ТБ излечим, но лечение этого заболевания всегда длительное(6 месяцев и более) и проводится специальными противотуберкулезными препаратами.

Для выздоровления очень важно следовать всем предписаниям врача и строго соблюдать режим приема лекарств - все назначенные препараты необходимо принимать в нужное время и в нужном количестве.

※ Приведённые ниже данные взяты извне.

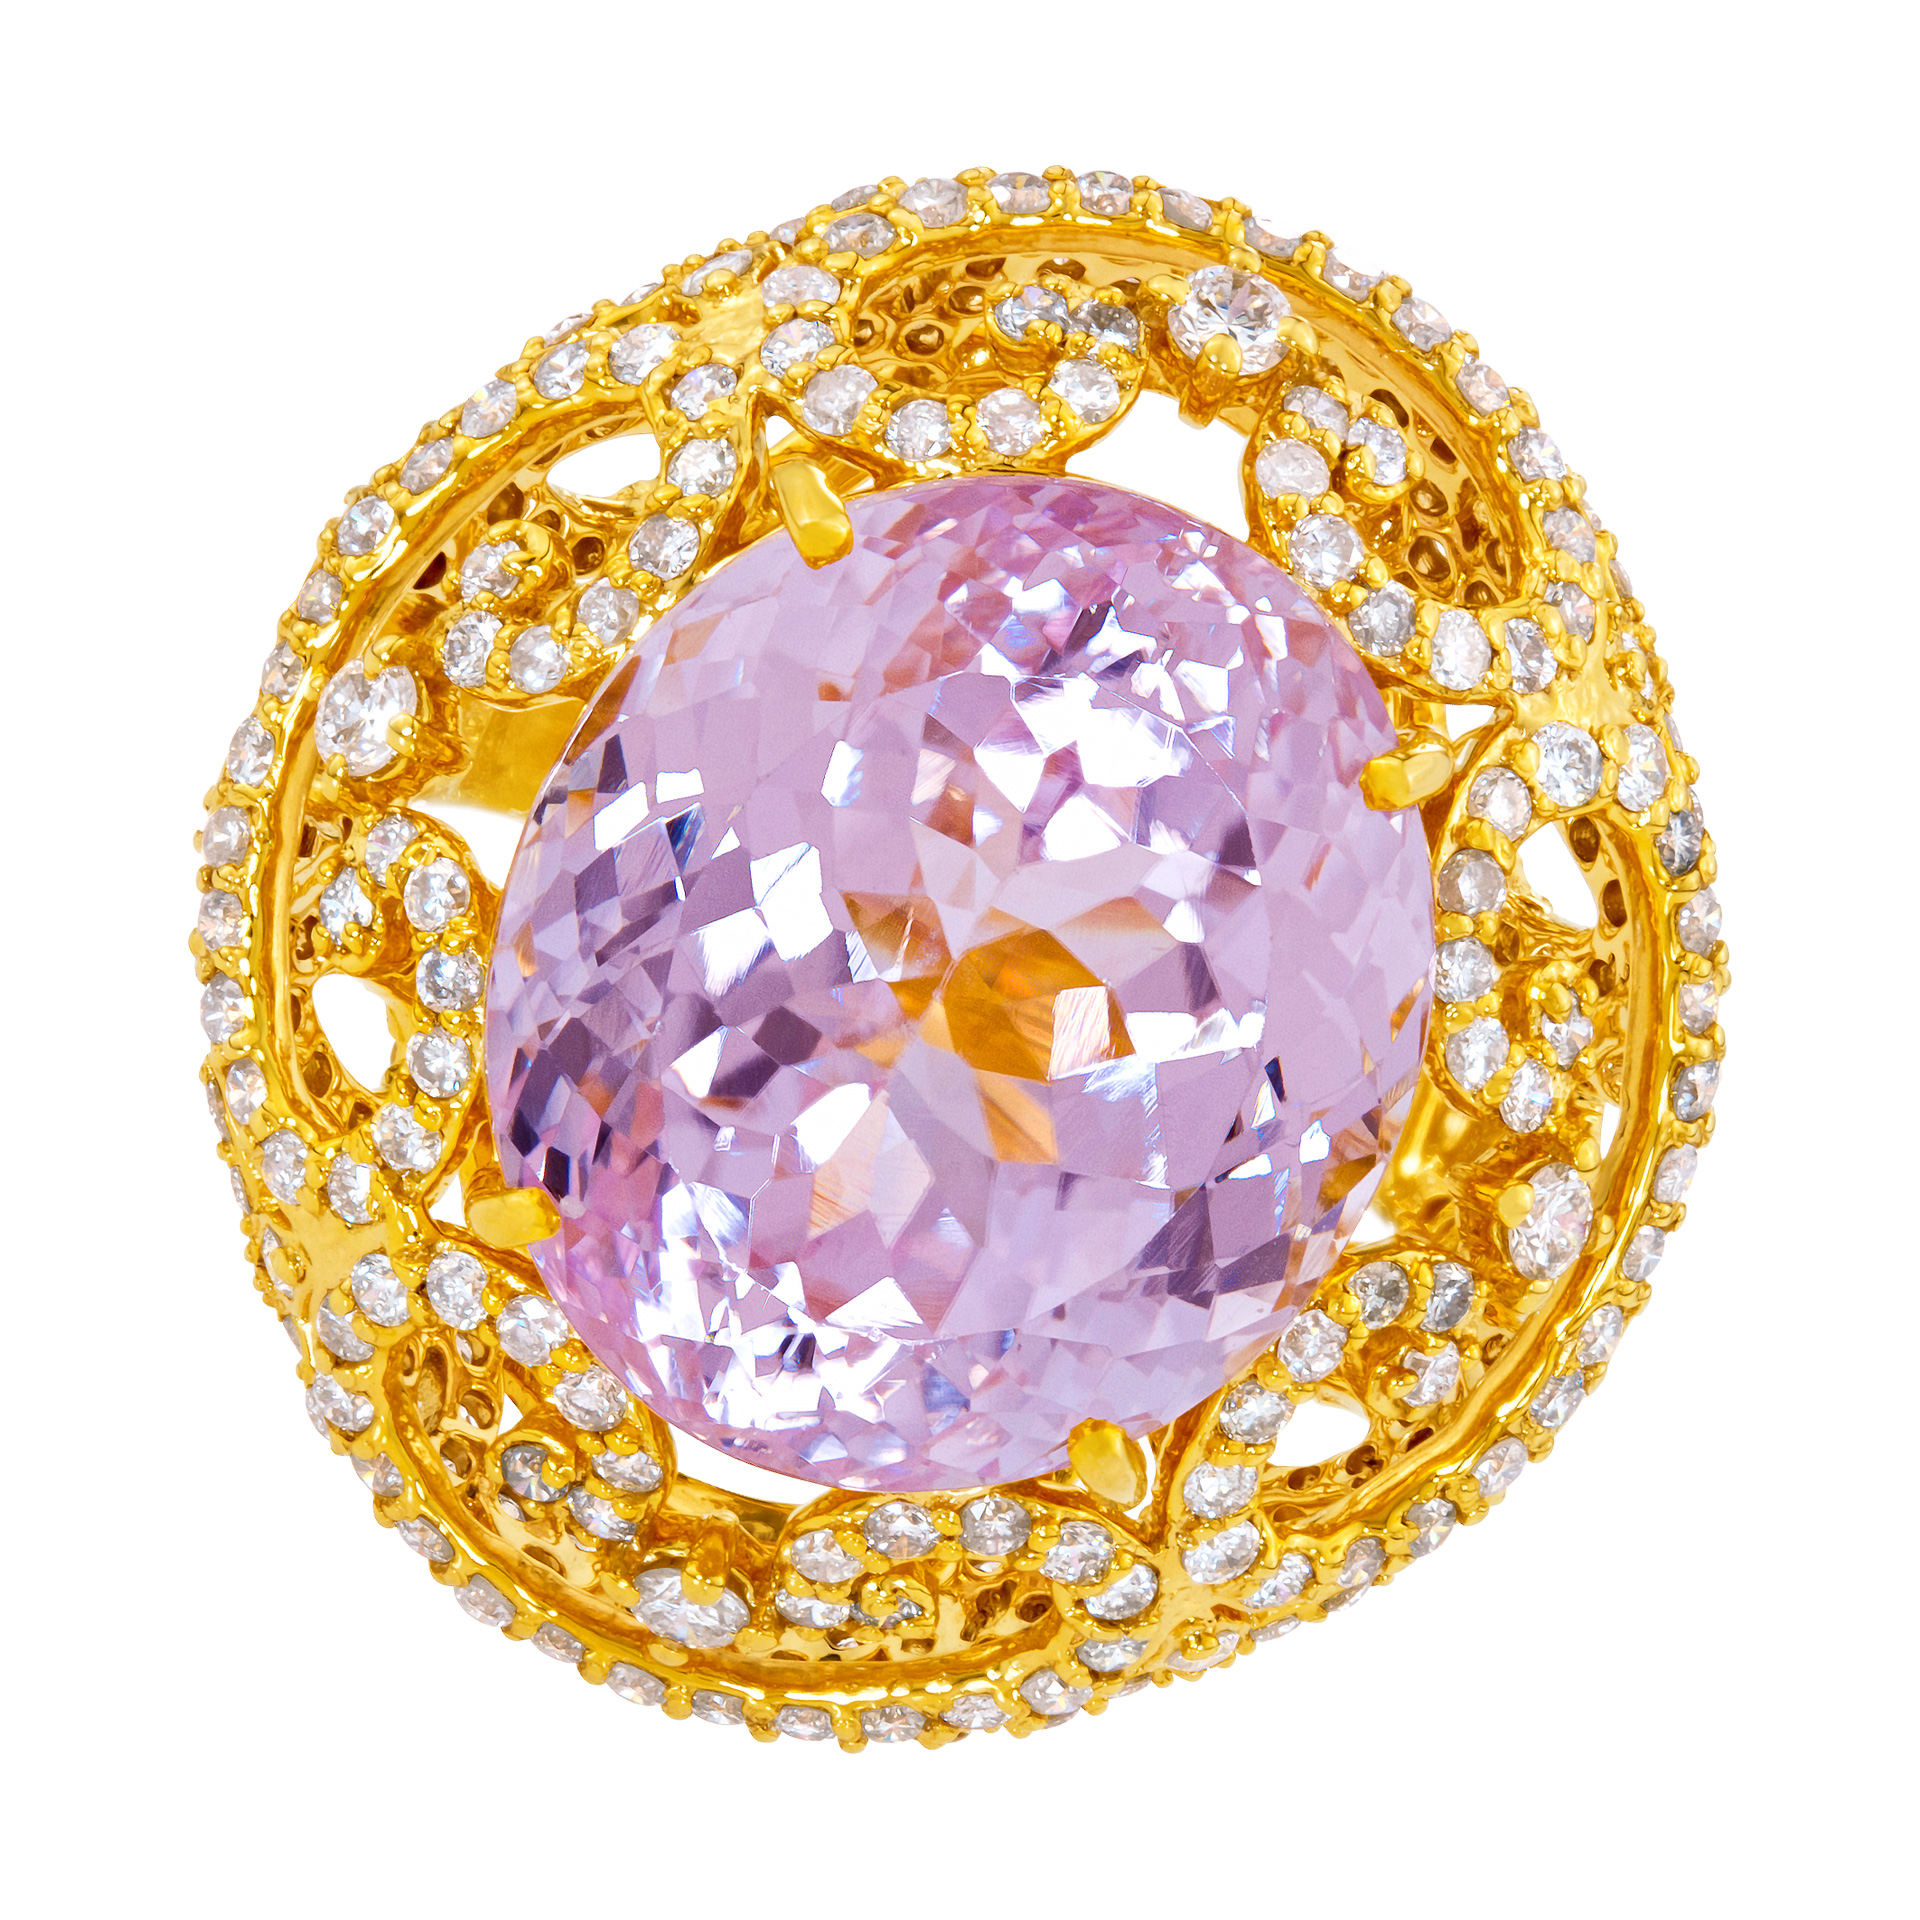 Kunizite and diamond ring set in 18k gold image 1

Если прекратить прием лекарств раньше назначенного врачом времени, принимать лекарства с перерывами или не соблюдать дозировку, то возбудитель туберкулеза может стать устойчивым к противотуберкулезным препаратам. В результате полного излечения не наступит, спустя некоторое время болезнь возобновится в более тяжелой форме, и вылечить ее будет очень сложно.

Что такое ВИЧ и СПИД?

  • В (вирус) – это особый микроорганизм, который может размножаться внутри клеток живого организма.
  • И (иммунодефицит) – это нарушение нормальной работы иммунной (защитной) системы организма, приводящее к тому, что организм теряет способность эффективно бороться с некоторыми заболеваниями.
  • Ч (человек) – т. е. этот вирус поражает только людей.
  • С (синдром) – это комплекс признаков и симптомов, т. к. человек, страдающий от СПИДа, может иметь сразу много различных заболеваний и сопутствующих инфекций.
  • П (приобретенный) – не врожденный, а полученный в течение жизни.
  • И (иммуно-) – относящийся к иммунной системе человека, которая обеспечивает нашу защиту от различных болезнетворных бактерий, вирусов и грибков.
  • Д (дефицит) – недостаток чего-либо.

Таким образом, ВИЧ-это вирус, который поражает людей, а СПИД-это болезнь , которая может развиваться у ВИЧ- инфицированного человека.

КАК ВИЧ ПЕРЕДАЕТСЯ.

Существует три пути передачи ВИЧ-инфекции:

  • Половой путь – при незащищенном (т. е. без презерватива) сексе.
  • При попадании крови, содержащей вирус, в организм человека – чаще всего это случается при использовании нестерильных шприцов для инъекций и общей посуды для приготовления наркотика.
  • Заражение ребенка от матери – во время беременности, родов или при кормлении младенца грудным молоком.

ВИЧ НЕ ПЕРЕДАЕТСЯ

  • При поцелуях, рукопожатиях,
  • При занятиях спортом,
  • При плавании в бассейне,
  • При пользовании общей посудой, столовыми приборами, полотенцами,
  • А также при укусах насекомых.

ВЫЯВЛЕНИЕ ВИЧ – ИНФЕКЦИИ

По внешнему виду нельзя определить, заражен человек ВИЧ или нет. Основным методом выявления ВИЧ – инфекции является тестирование на антитела к вирусу, которые появляются спустя некоторое время после заражения (чаще всего через 3 месяца). Для этого анализа в медицинском учреждении берется небольшое количество крови из вены. Тестирование на ВИЧ можно пройти в СПИД – центрах и других медицинских учреждениях. В анонимном кабинете можно пройти тестирование, не называя своего имени.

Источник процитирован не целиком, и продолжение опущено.